Perhaps the very design of the piece is intended to mirror the inner life of a person with autism – as much as that can be understood given the many and varied different manifestations of the condition – with different routes mapped out to take us all to the same destination in the end. As we walk, we encounter small stages and performance spaces set within clearings and sheltered under trees, and at each point one of the ensemble of autistic performers assembled by creator and director Graham Eatough waits to talk to us.
Each has a prepared monologue on the subject of their own life with autism, an enlightening reflection with brings a sense of recognition within the audience; for example, Calum Macritchie muses on his own love for jumping and the feeling of being liberated from gravity as his feet leave the ground, and Emma McCaffrey – a powerful actor who has worked with the Lung Ha’s company – makes a vivid plea for understanding.
At intervals, Japanese flute player Philip Horan moves between the stages and each actor silently performs to the reading of a short piece of text from the 2007 book by Higashida, a 13-year-old who communicated non-verbally at the time of the book’s writing.

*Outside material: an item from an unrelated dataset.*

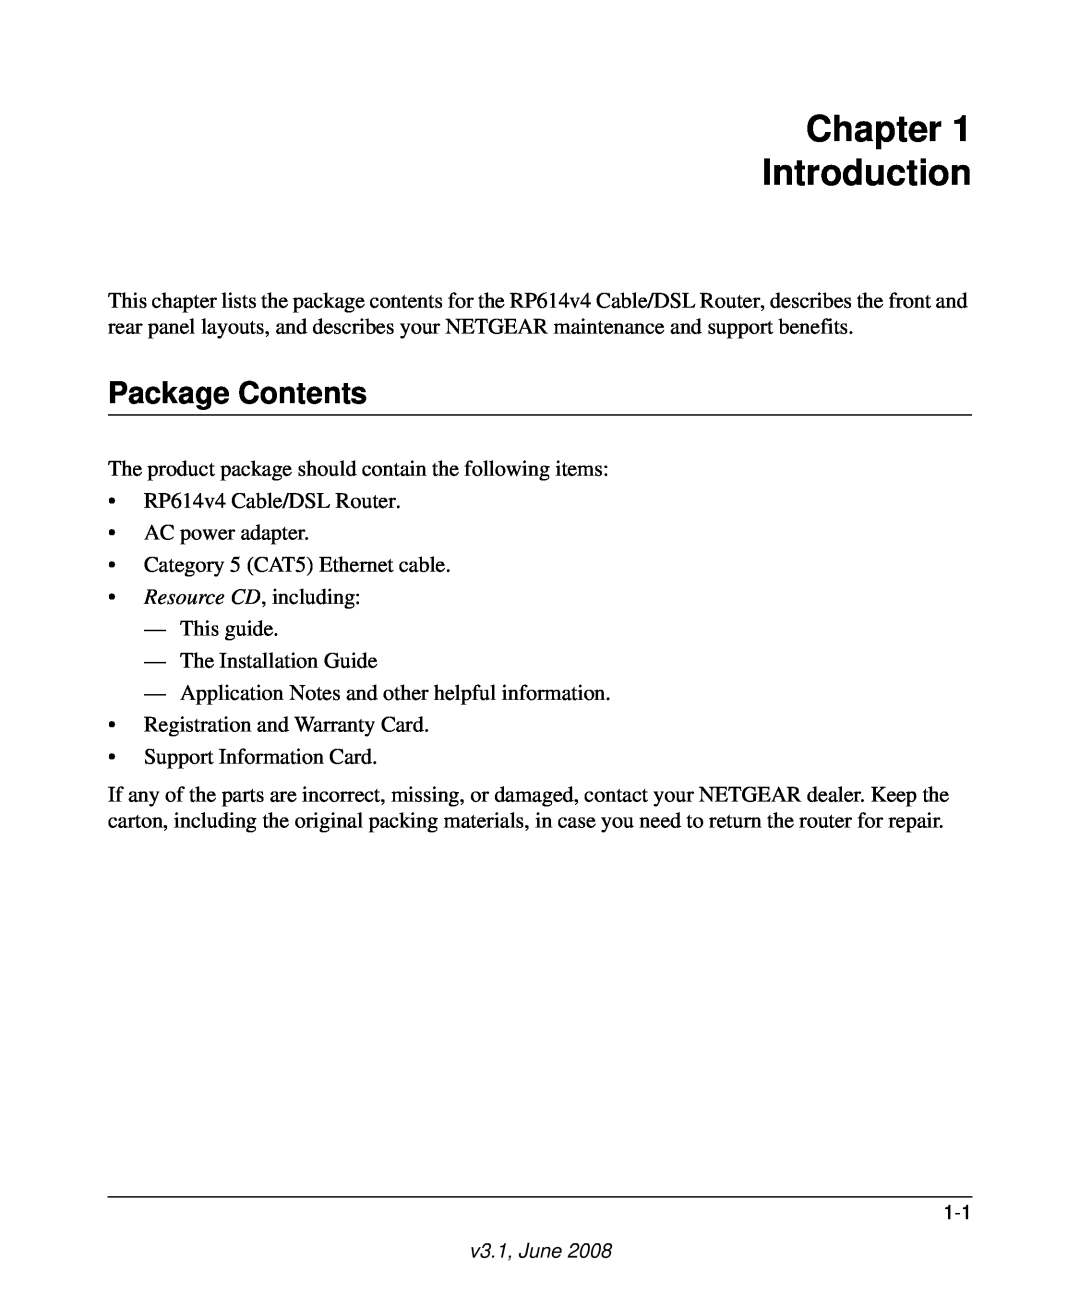 NETGEAR RP614 v4 manual Chapter Introduction, Package Contents

One particularly striking example is a masked play on the central stage involving the whole company, a story in which a wide-eyed young boy imagines his own death and – unable to read her mother’s mood properly as he observes from the afterlife – the moral dilemma of whether to purge his memories and being from existence if it means he might be reborn as his parents’ next child.
Throughout, a continued emphasis on engagement with nature as a means toward good mental health is made, and the delightfully reflective and personal – and autism-friendly, naturally – manner in which the piece is experienced allows the audience to commune with the space and performances on their own terms. With a recommended participation time of around an hour, the experience is one of total immersion while still feeling able to breathe clearly.